_WHAT IS NEEDED_
For this exercise, return all the data word for word, with images left out.

_DATASET SECTION_
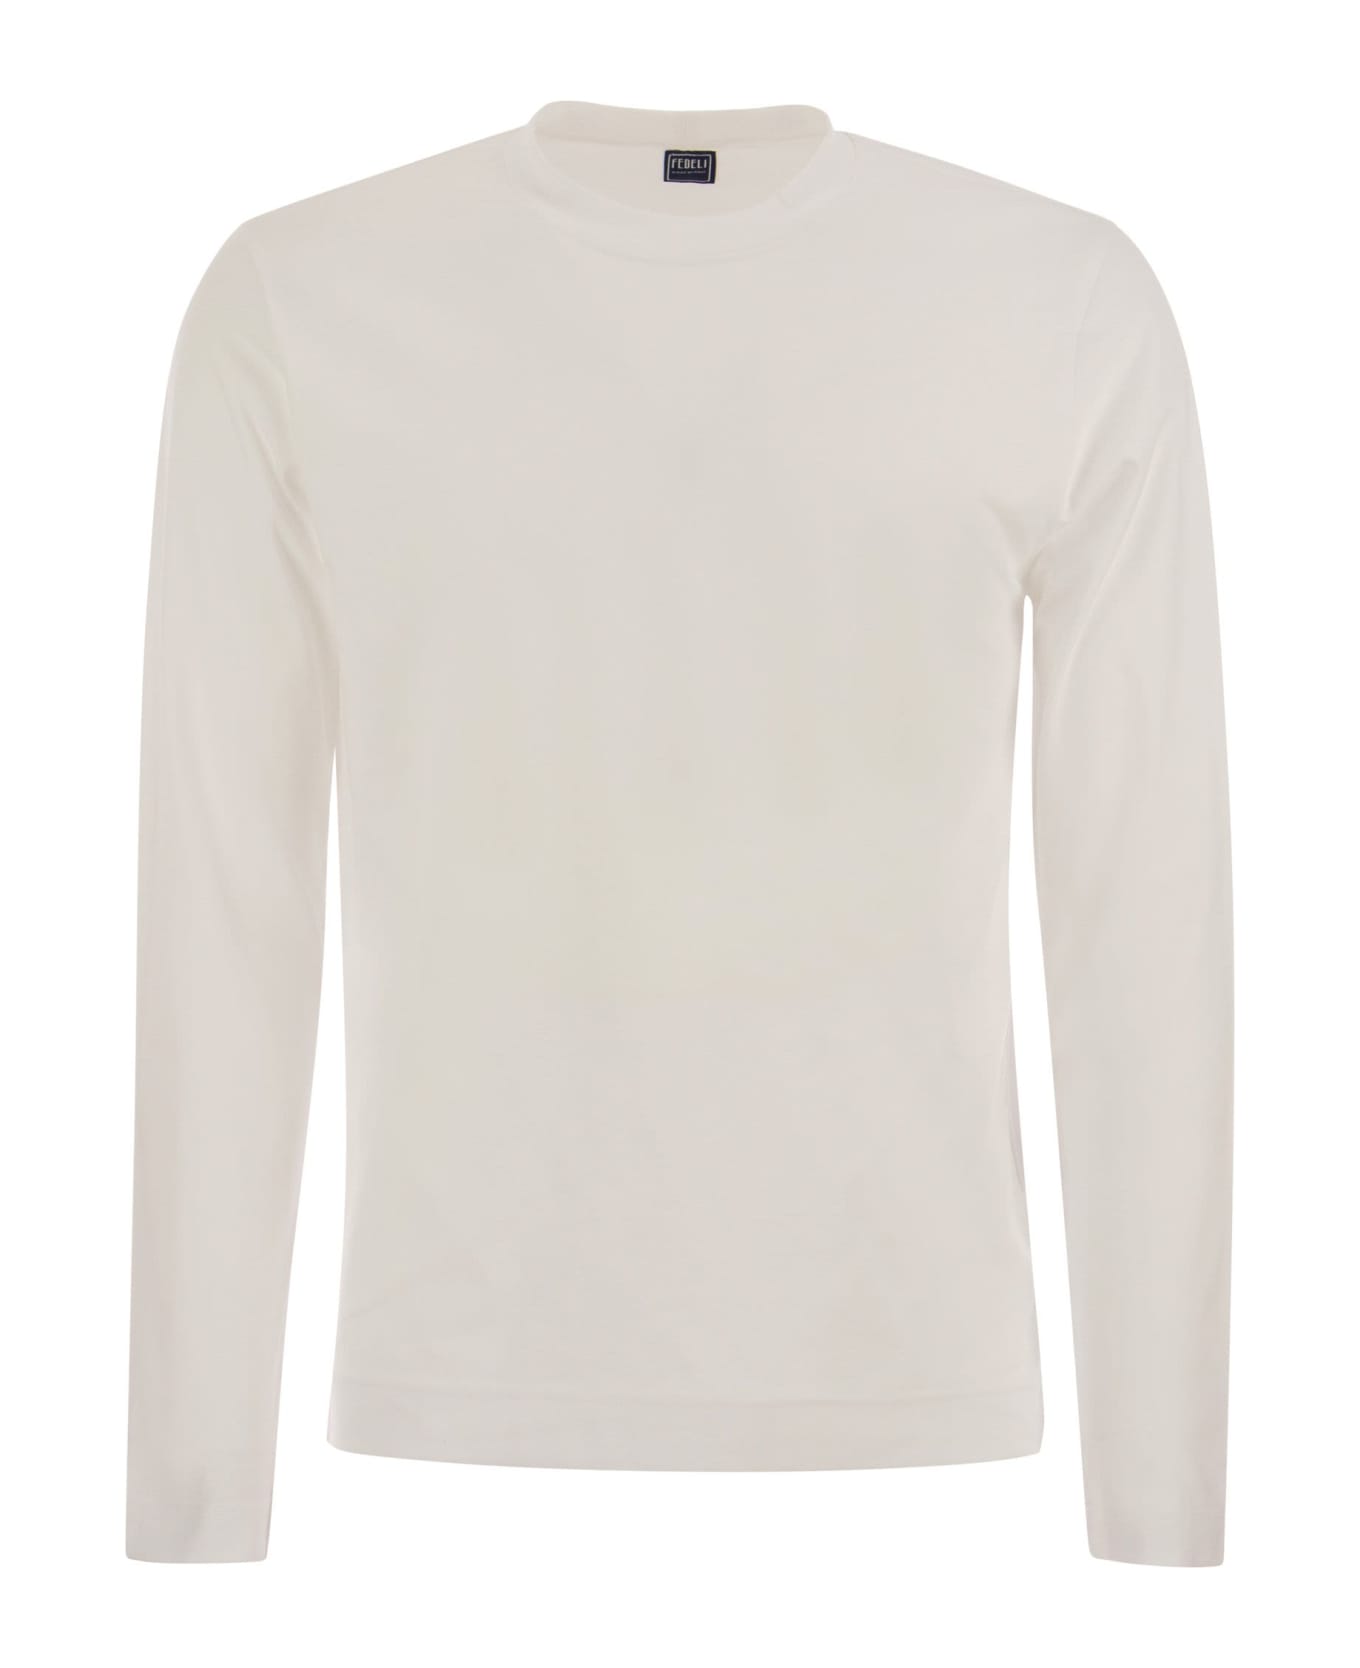 Fedeli Extreme - Crew-neck T-shirt With Long Sleeves - Cream
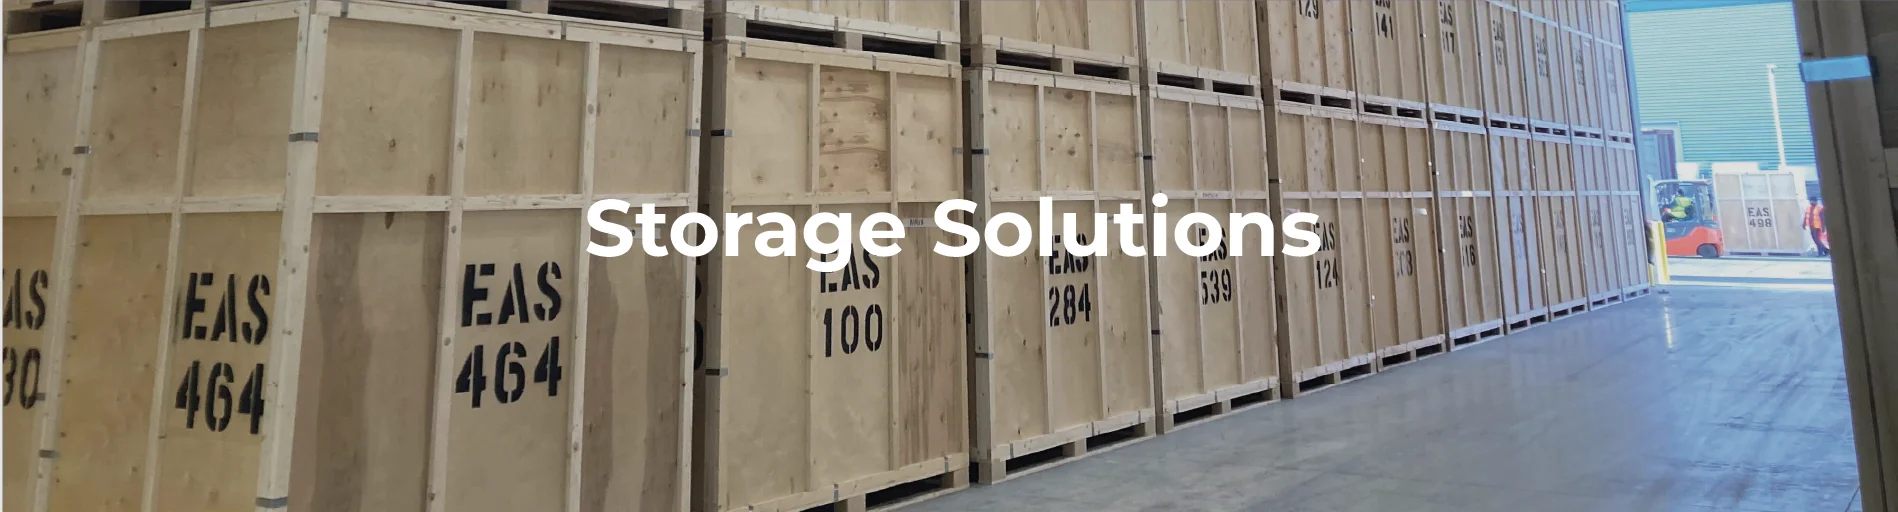 easy shipping storage solutions provider
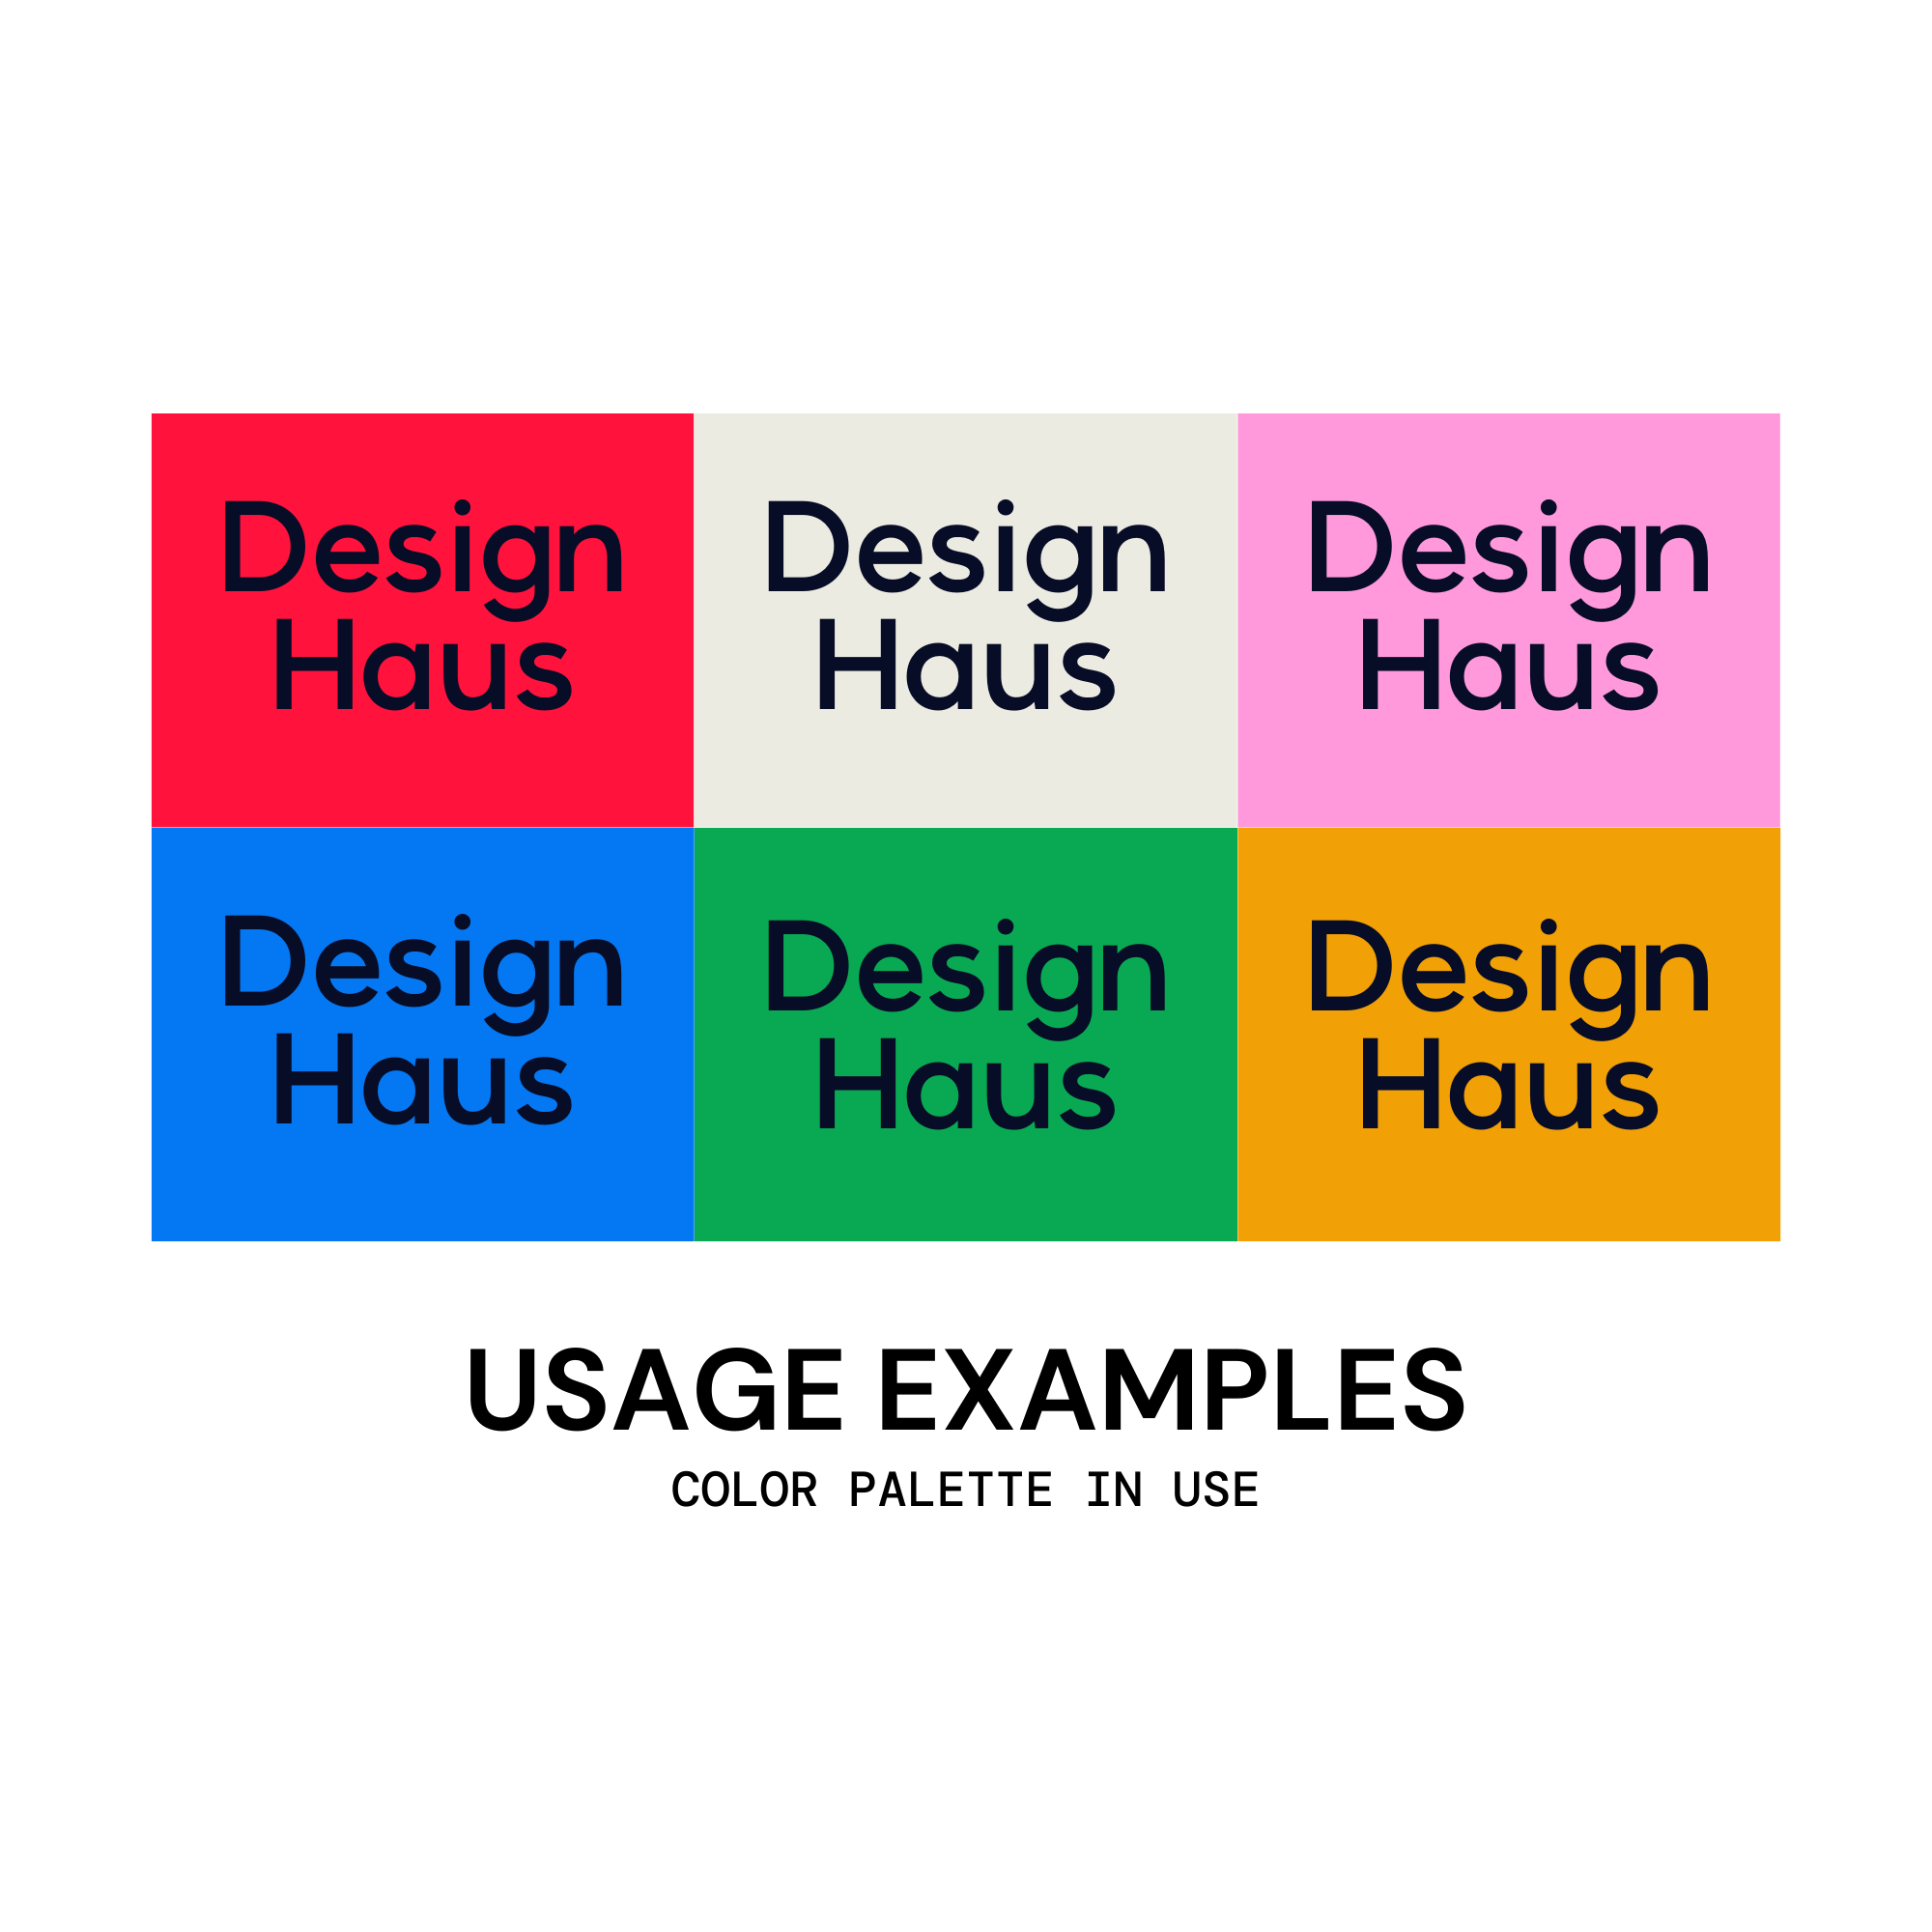 A preview of brand colors being paired with a brand logo ('Design Haus'). The logo is in a dark charcoal grey and this is a preview of how the logo looks on some bright and bold colorful backgrounds.

_ANSWER SPACE_
 Fedeli Extreme - Crew-neck T-shirt With Long Sleeves - Cream
 easy shipping storage solutions provider
 A preview of brand colors being paired with a brand logo ('Design Haus'). The logo is in a dark charcoal grey and this is a preview of how the logo looks on some bright and bold colorful backgrounds.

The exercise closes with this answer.